Это что – перед каждым человеком нетронутый Памир?..
Как внезапно развязался этот затянутый узел. Нет тебя, нет опоры, но нет и таранного катка, который расплющил здесь всех. Я не надеялась, что так легко освобожусь от псих-президента, я приучила себя к мысли, что противостояние будет измеряться годами, я почти хотела этого, я не собиралась сворачивать перед этим валуном, он лежал на моей тропе, как и я – небольшой булыжник на его дороге, кто-то должен умостить собой противоположный путь, и вдруг только пыль под ногами, и не догадаться, что окажется следующим столбом с километровой отметкой…
Я надеялась на твое возвращение из Елеоноры, на твое долгое возвращение, лучше бы навсегда, вдвоем мы справились бы с мирозданием, но оно этого не пожелало, и мне без тебя придется быть глупее, да я дурой и была, я ни разу не поговорила с тобой открыто, вот только теперь, а тогда каждый раз через свое сопротивление, через истерики и самолюбие, Бог послал мне друга, а я не поняла, что захлопывалась перед тобой, вместо того чтобы распахнуть свою пустую душу и наполниться живым потоком, лившимся через тебя…
Прости меня.
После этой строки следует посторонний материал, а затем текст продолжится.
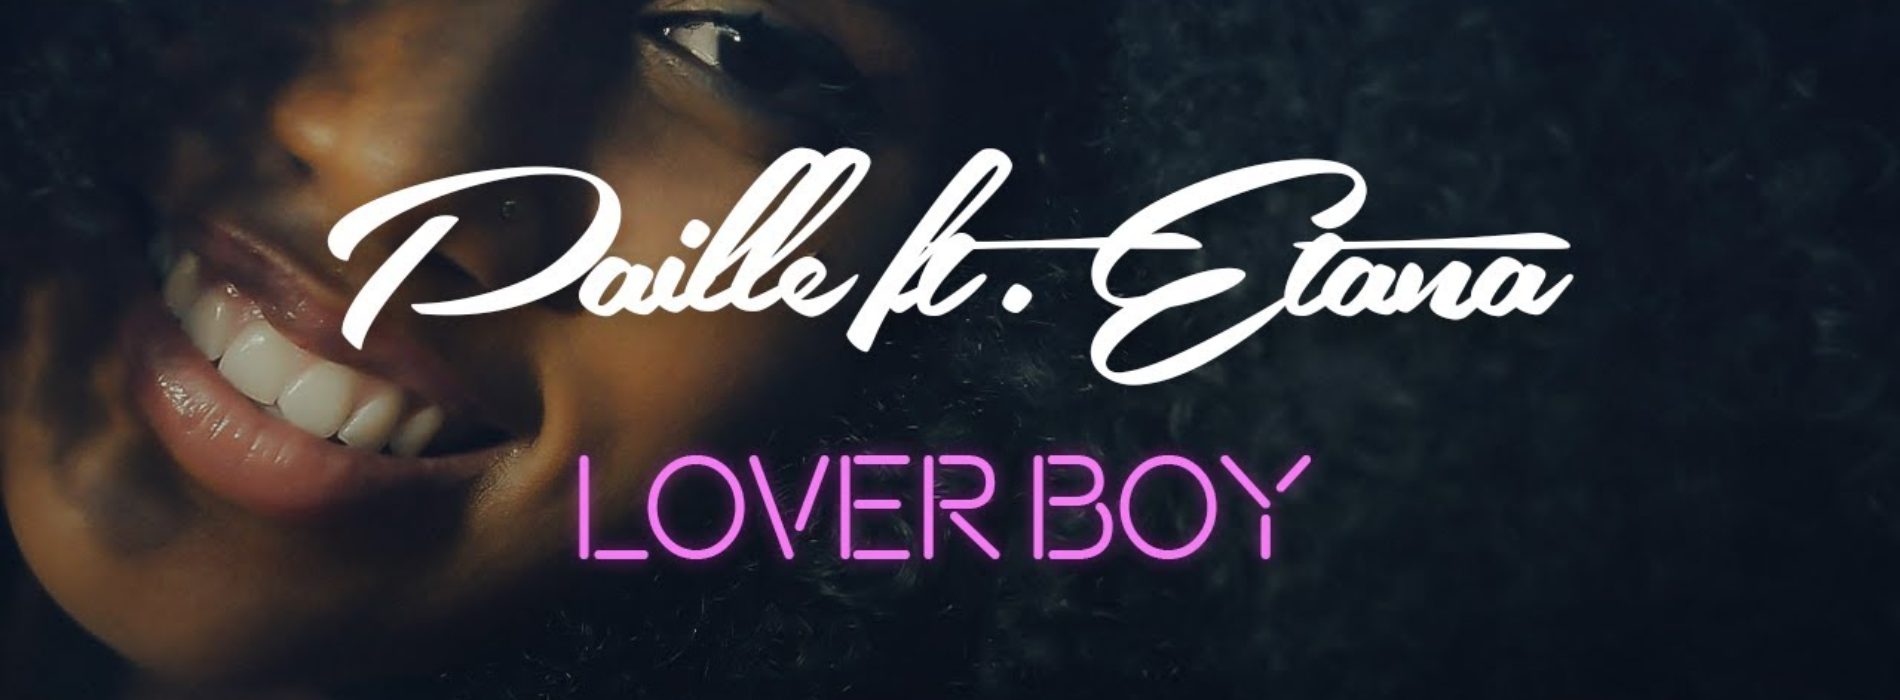 PAILLE feat. ETANA – Loverboy – Mai 2020

И мой запоздалый плач.
Боже, прости меня.
* * *
Она прислушалась.
Где-то следователь, стирая пот, пытался вытянуть из девахи хоть что-нибудь полезное, но та заливалась в три ручья, повторяя через всхлипы, что никогда в жизни, никогда в жизни, совсем никогда… Краснозаменная угрюмо лежала в одиночном изоляторе и мечтала, что для нее построят эшафот на центральной площади Революции и принародно почетно повесят, а если ее освобождения потребует мировая общественность, то повешение заменят Петропавловской крепостью, где и сгноят заживо в известном равелине.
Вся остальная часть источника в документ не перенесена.